But it worked, and I got close to a wide turn in the channel where a clear path through the seaweed passed under the near bank, meaning a gentle lob of the float, rather than a splashing and frightening cast, would get one into position. The mullet usually followed this route, so I carefully tossed some bread in before crawling back on wet knees, and lowered the float silently into the swim. I watched the gentle, hypnotic ripples of the wind on the water and calmed to the mellifluous lapping of the incoming tide, a peace occasionally pierced by the shrill call of seagulls, while to my right, past the dunes, the wash of the waves on the rocks at high tide played its incessant beat. I forgot where I was, got caught in the moment, then I saw them.
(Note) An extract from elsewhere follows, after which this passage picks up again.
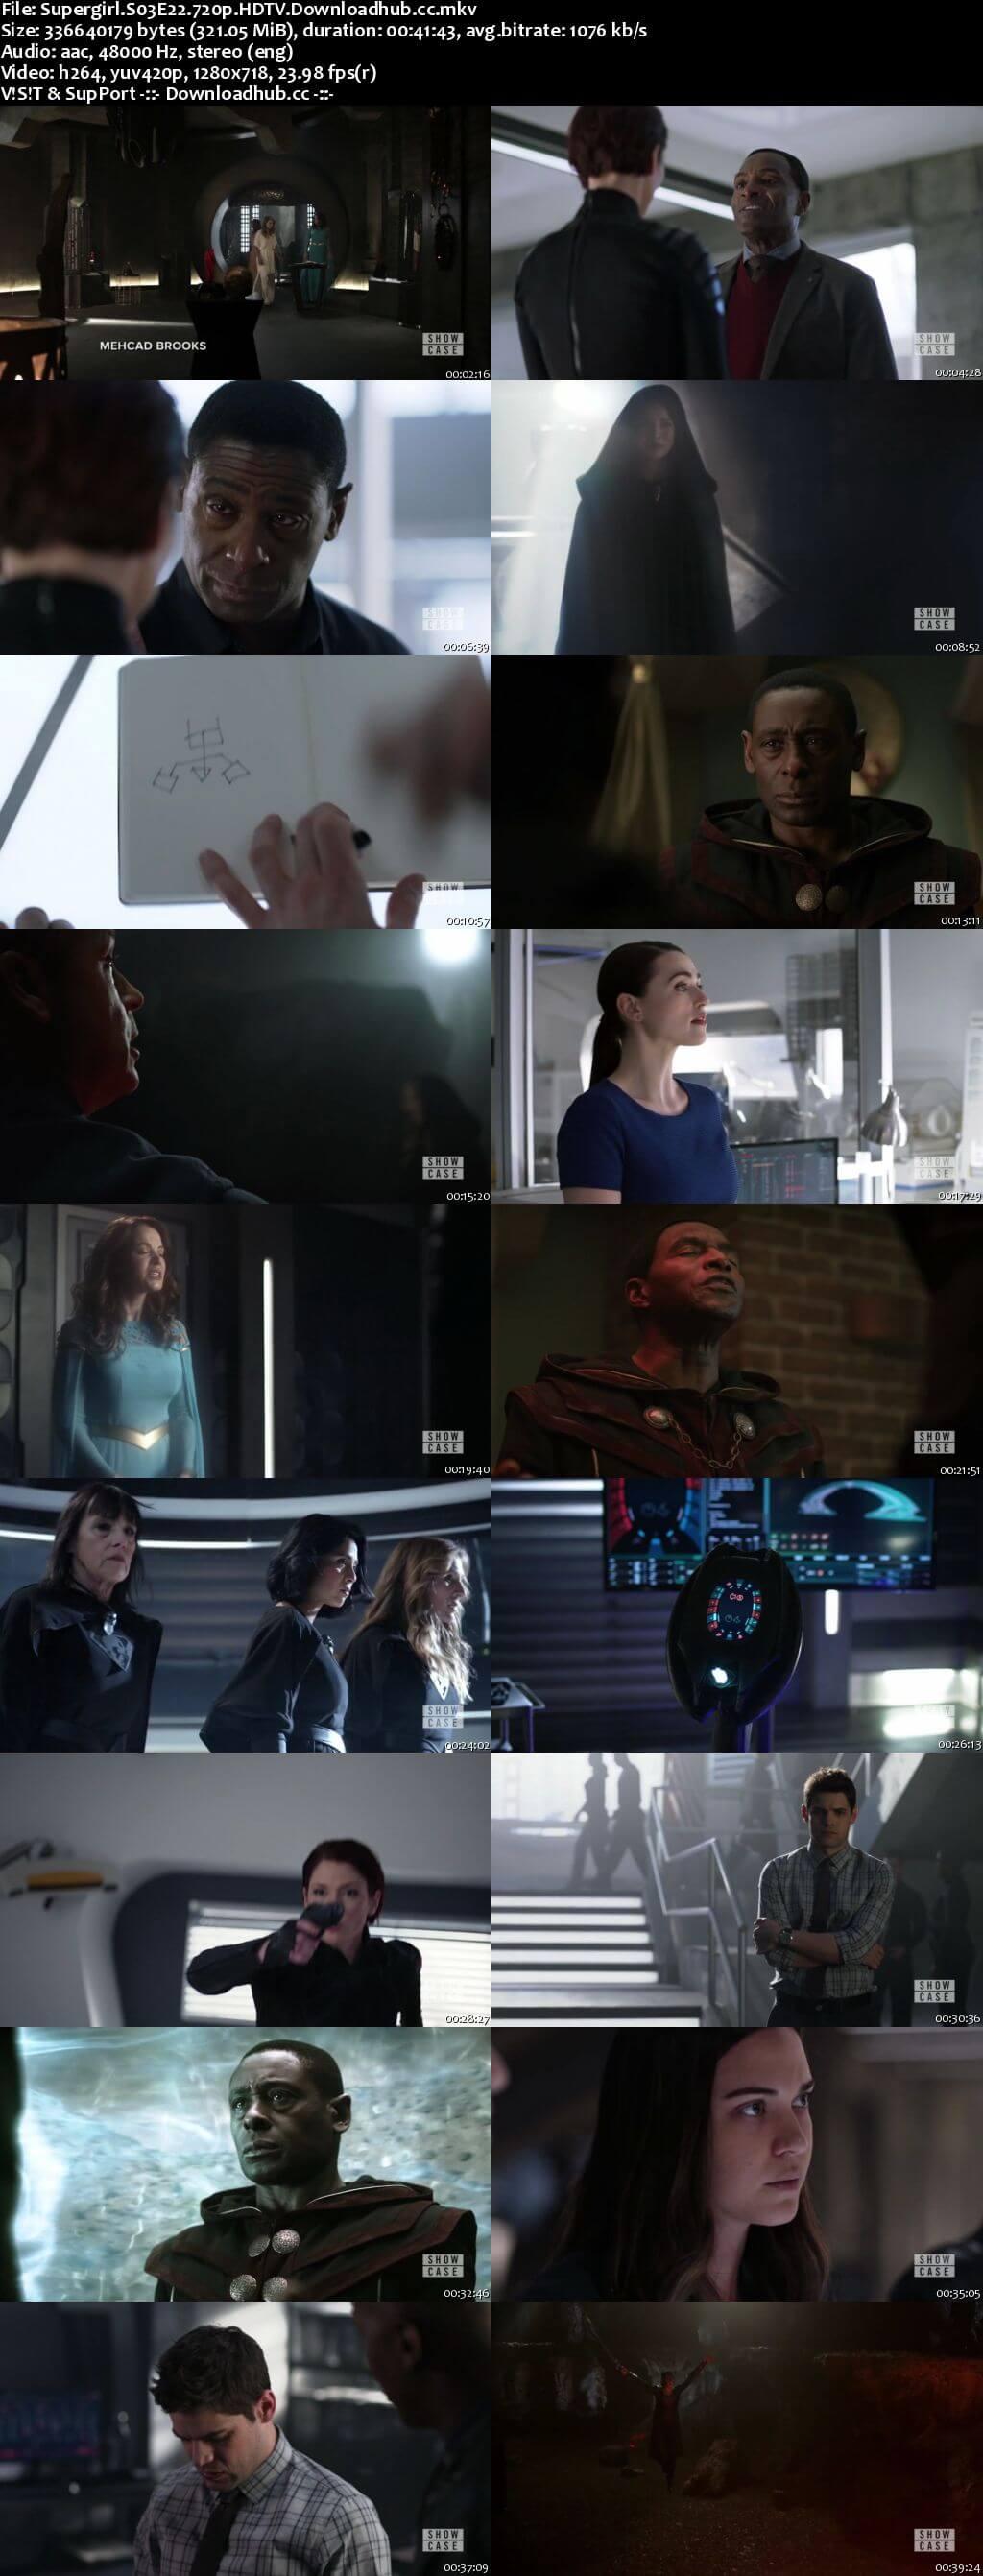 Supergirl S03E22 320MB HDTV 720p x264

The smaller fish came first and fast, before doubling back to join the others. Then the middle fish broke away and came even closer before it too returned to the ranks. Finally, the big fish twisted and turned its way towards me, and my heart started thumping against the ground. I couldn’t clearly see the fish but I could follow the bow wave as it pushed towards me with intent. Closer and closer it came, gradually nearing the float that was gently carried by the tide in a cloud of slowly sinking bread. When the fish was about three yards away it suddenly changed course and went around the bait—giving it a suspiciously wide berth—and over to the other side of the channel, swimming right behind me. I thought my chance had gone until it changed course again and swam back directly at the bait. I could see it now. It was a very good fish indeed.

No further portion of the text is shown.